Dataset content: Begin

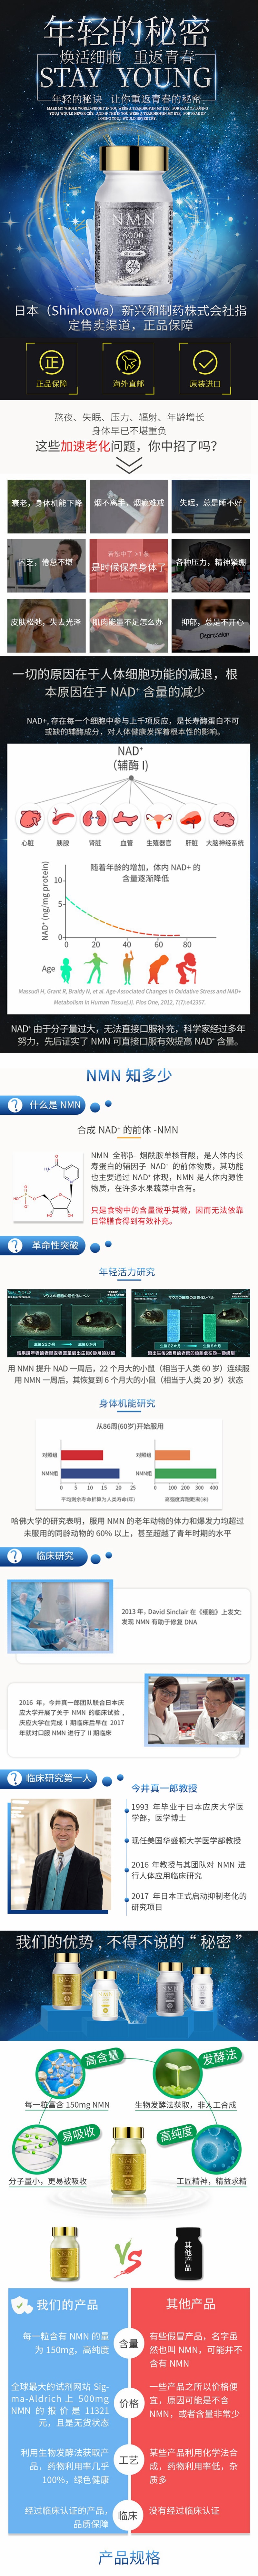 【日本直郵】新興和製藥 MIRAI LAB NMN3000 高純度抗衰老 逆齡丸
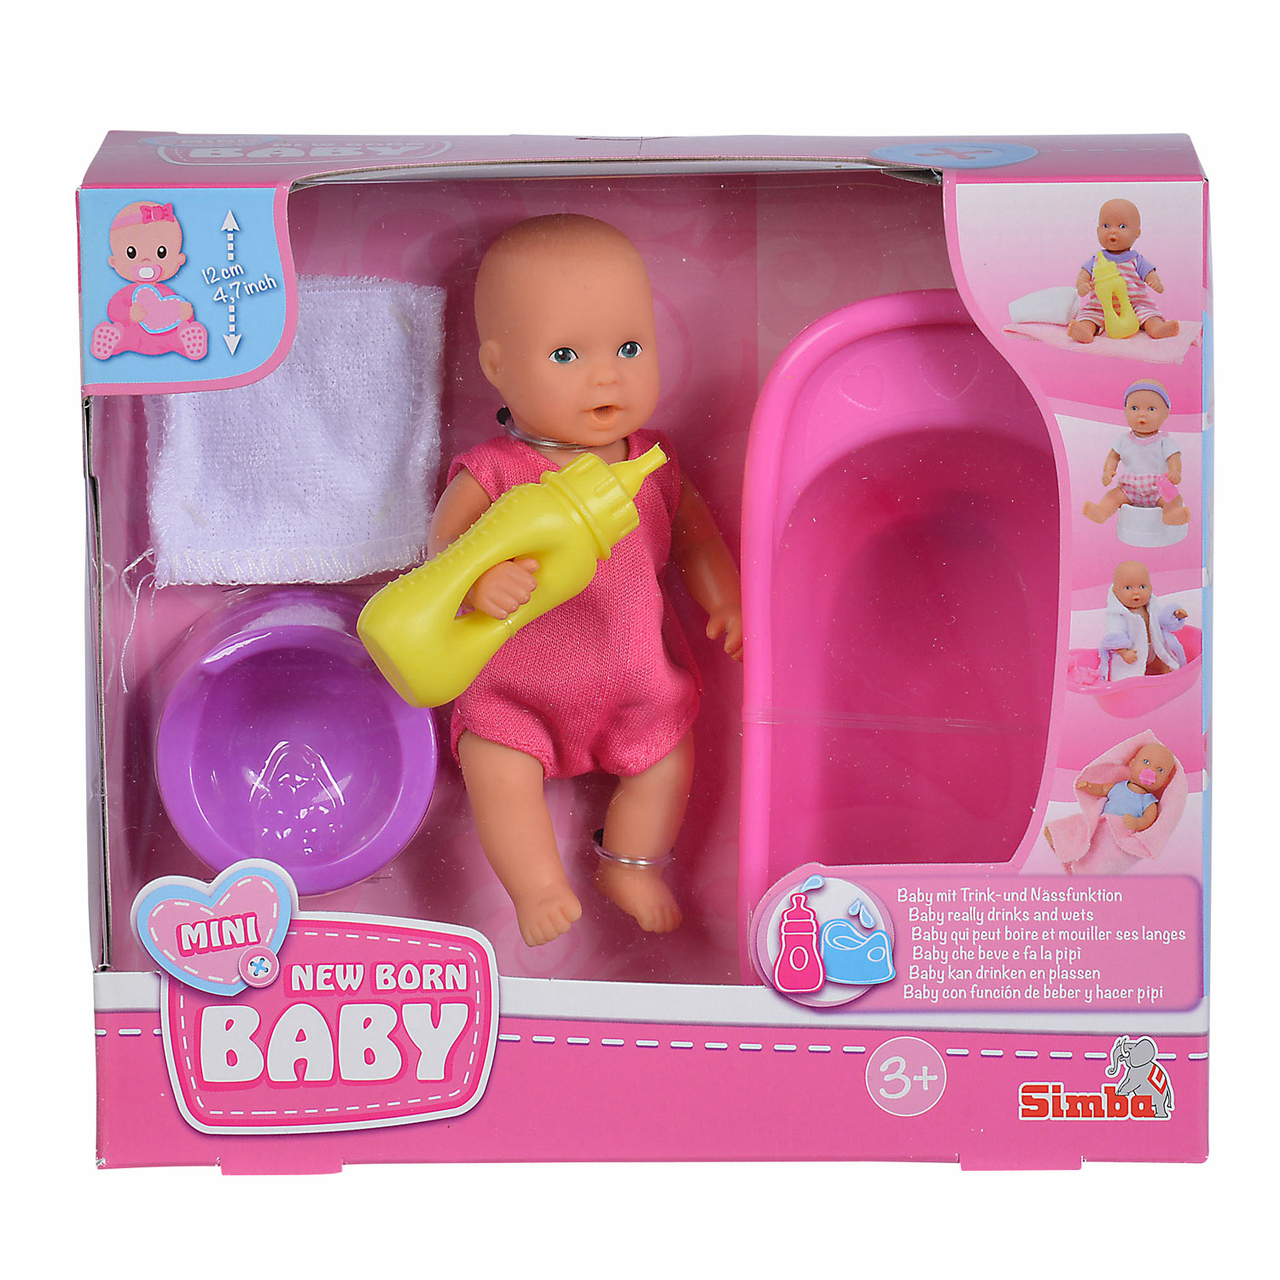 New Born Baby in Bad Set - Het Speelgoedpaleis
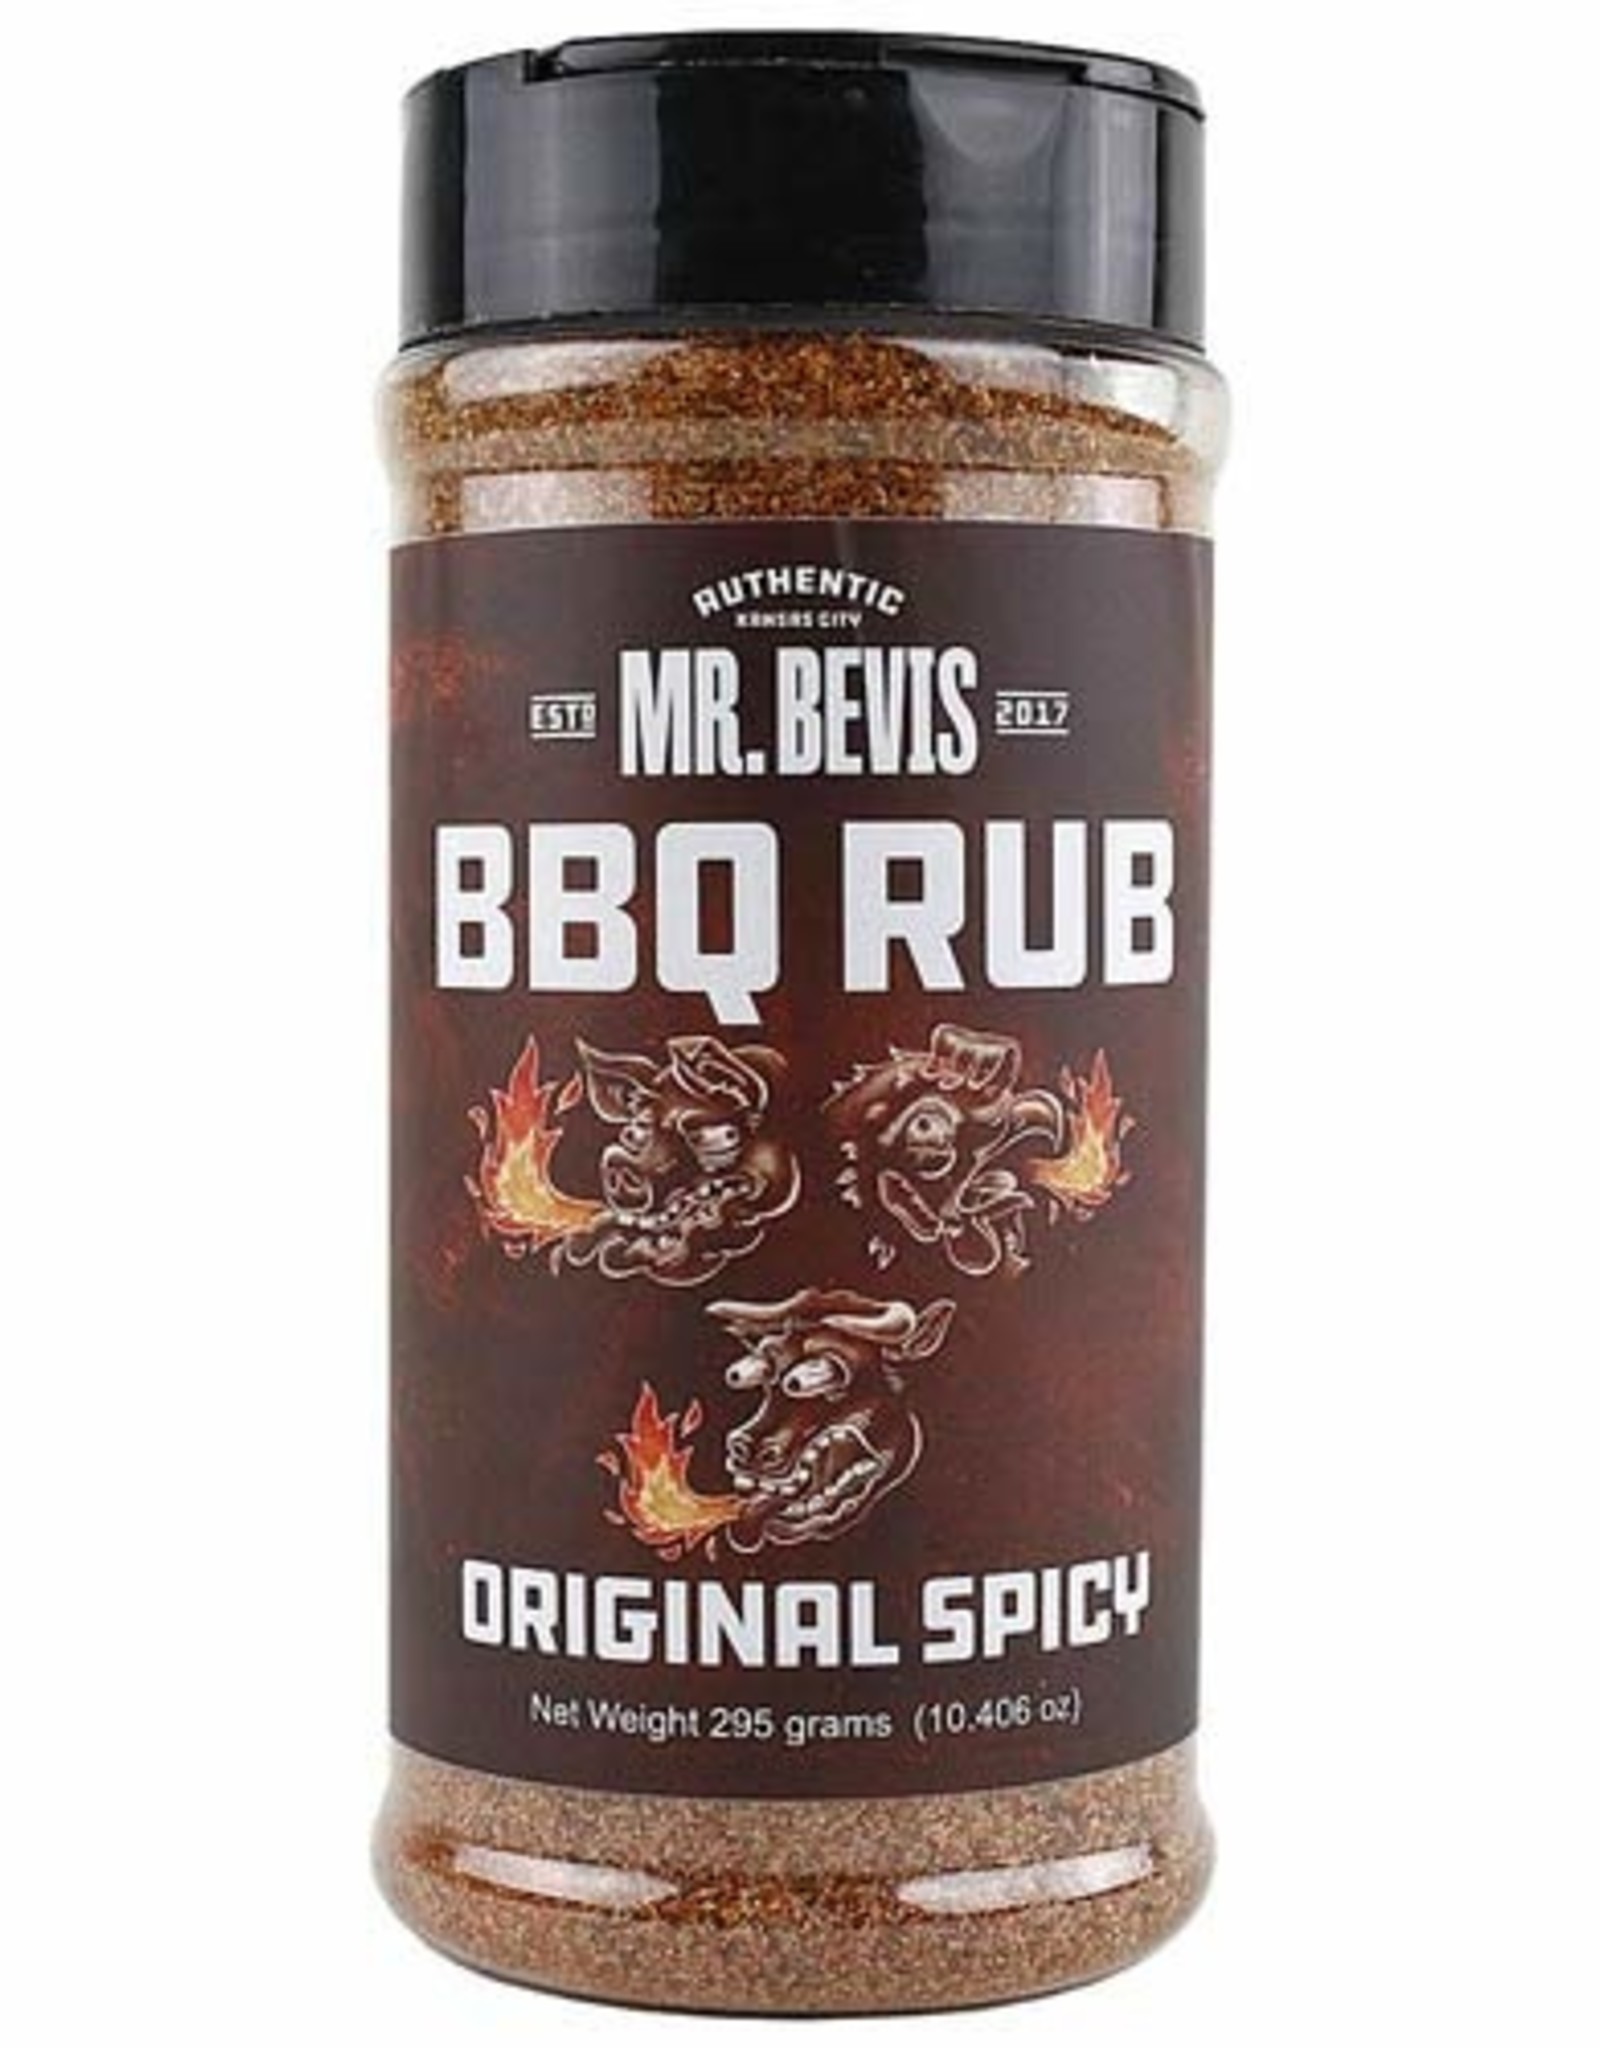 Mr. Bevis Mr. Bevis BBQ RUB Original Spicy 10.406 oz

Dataset content: End

Assignment: Would it be possible to give the material above again exactly, with the pictures left out?

Reply to the task:
 【日本直郵】新興和製藥 MIRAI LAB NMN3000 高純度抗衰老 逆齡丸
 New Born Baby in Bad Set - Het Speelgoedpaleis
 Mr. Bevis Mr. Bevis BBQ RUB Original Spicy 10.406 oz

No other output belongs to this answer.